■ **PROVIDED MATERIAL**:
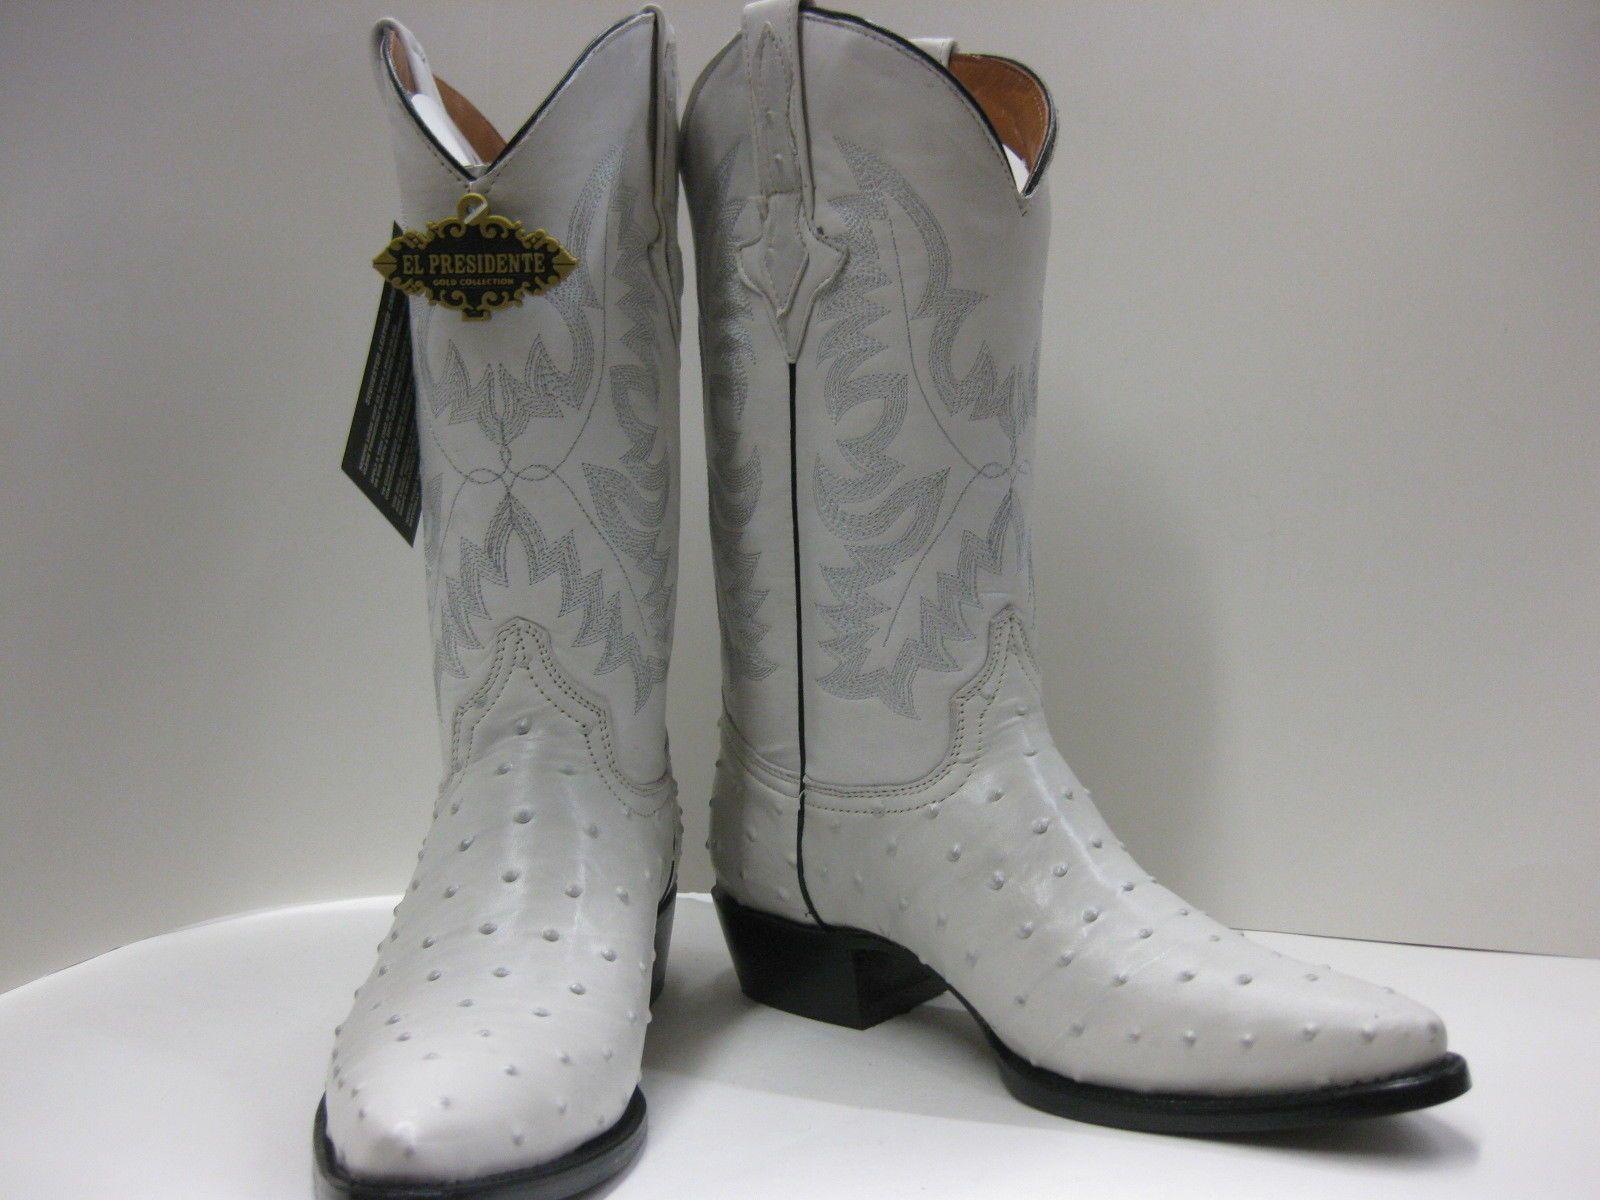 f152b6e9b21 Details about Men's Cowboy Boots Ostrich/Crocodile Print Leather ...
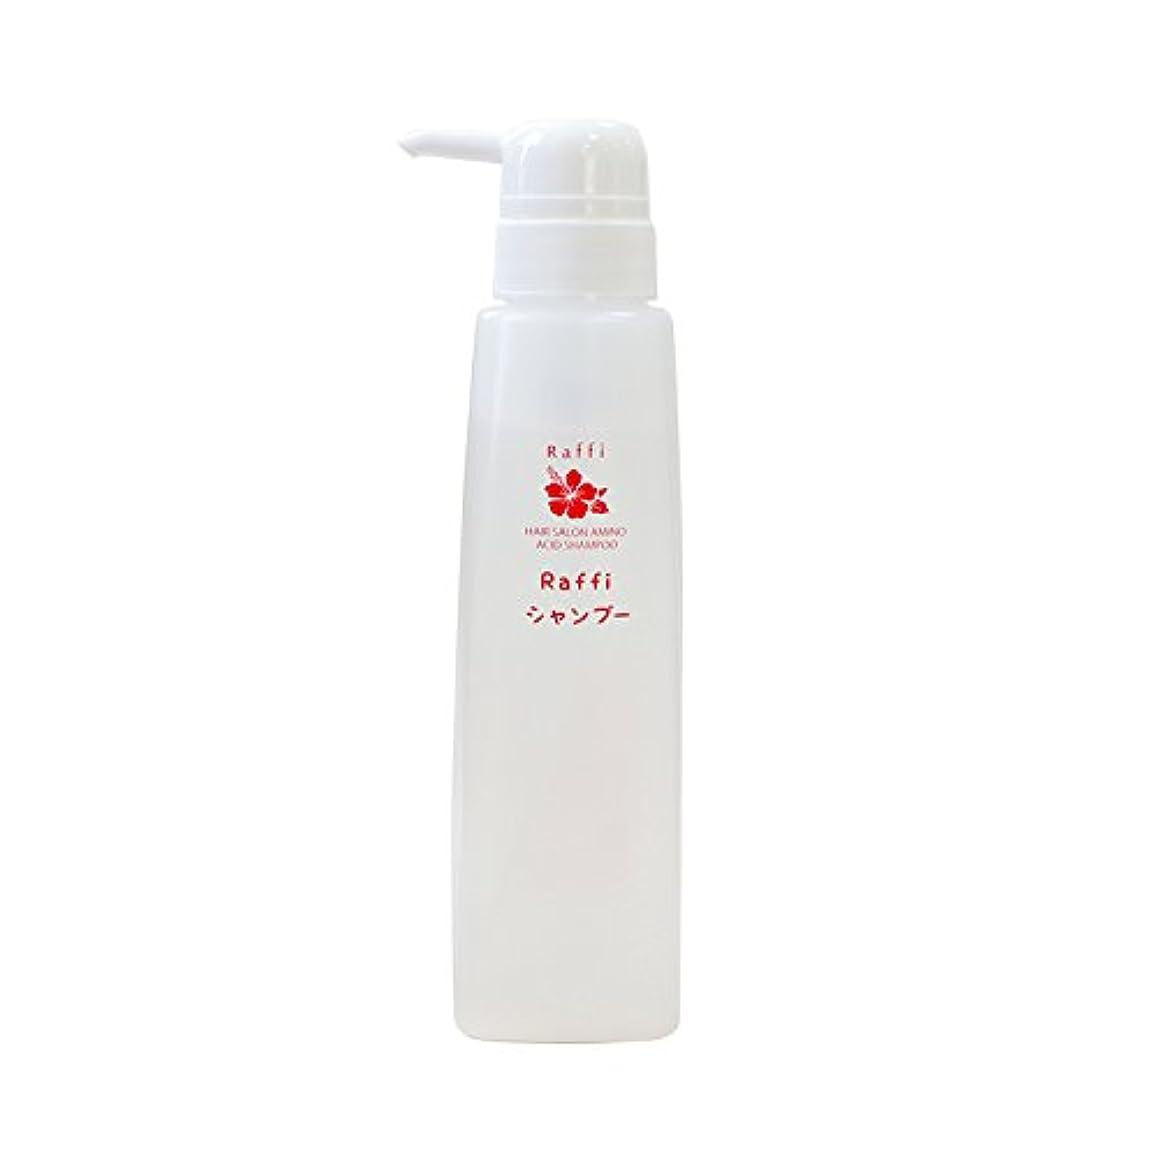 皮枯渇フルーティーRaffiシャンプー(ラフィーシャンプー)300mlボトル [ノンシリコン アミノ酸 無添加 低刺激]
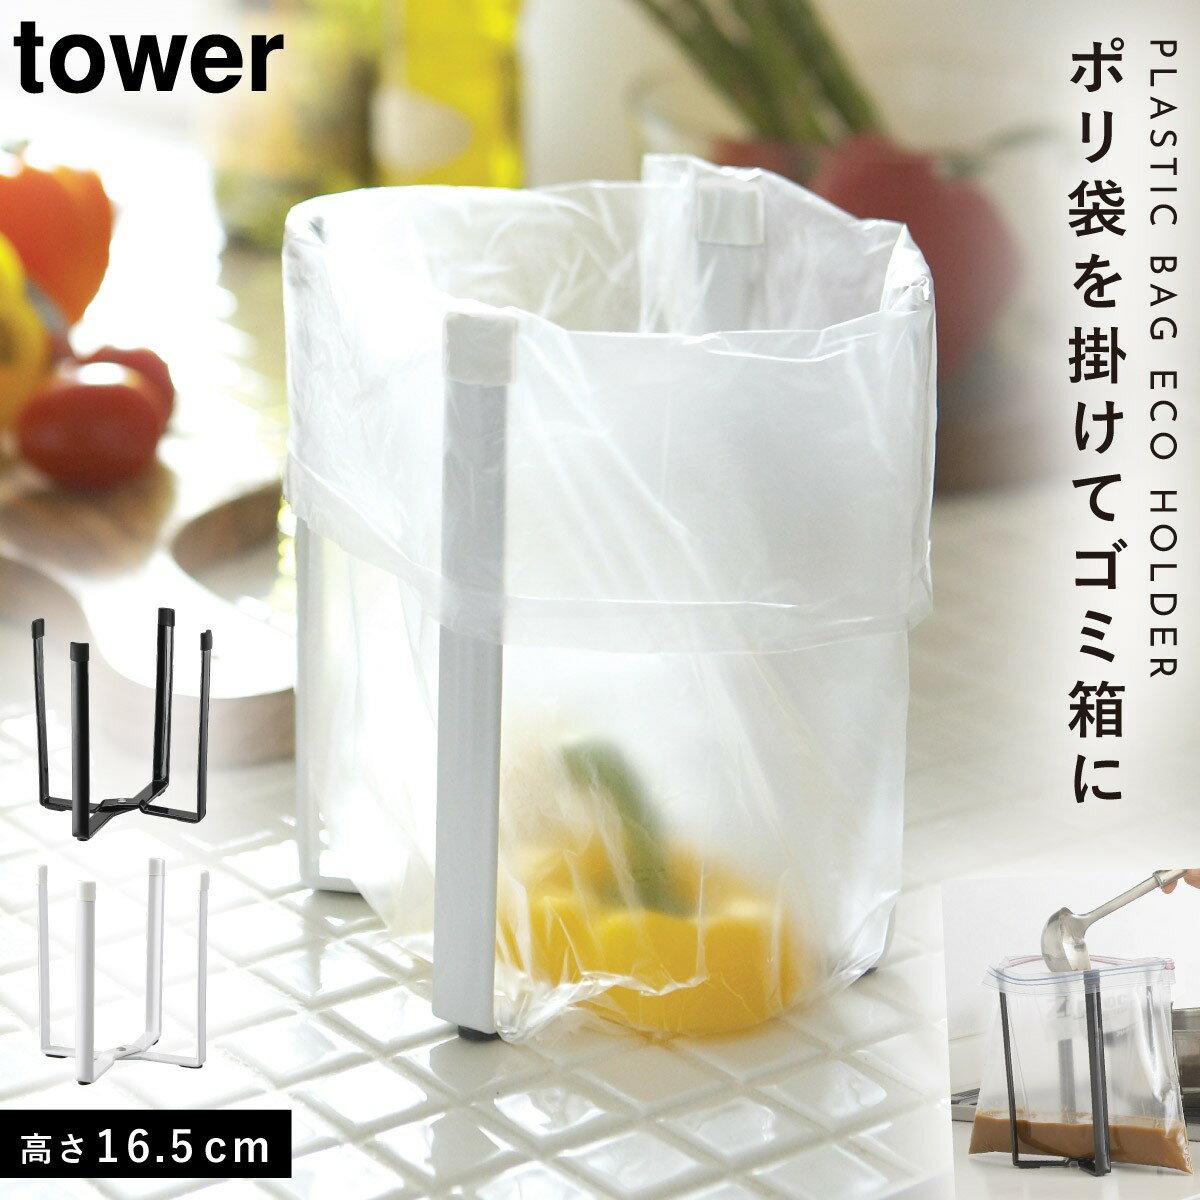 エコホルダー 三角コーナー ポリ袋 ゴミ袋 生ゴミ ペットボトル 乾燥 タワー キッチン 白い 黒 tower 山崎実業

■ **YOUR OBJECTIVE**: Print each line above exactly as it appears, excluding all images.

■ **WRITTEN REPLY**:
 f152b6e9b21 Details about Men's Cowboy Boots Ostrich/Crocodile Print Leather ...
 皮枯渇フルーティーRaffiシャンプー(ラフィーシャンプー)300mlボトル [ノンシリコン アミノ酸 無添加 低刺激]
 エコホルダー 三角コーナー ポリ袋 ゴミ袋 生ゴミ ペットボトル 乾燥 タワー キッチン 白い 黒 tower 山崎実業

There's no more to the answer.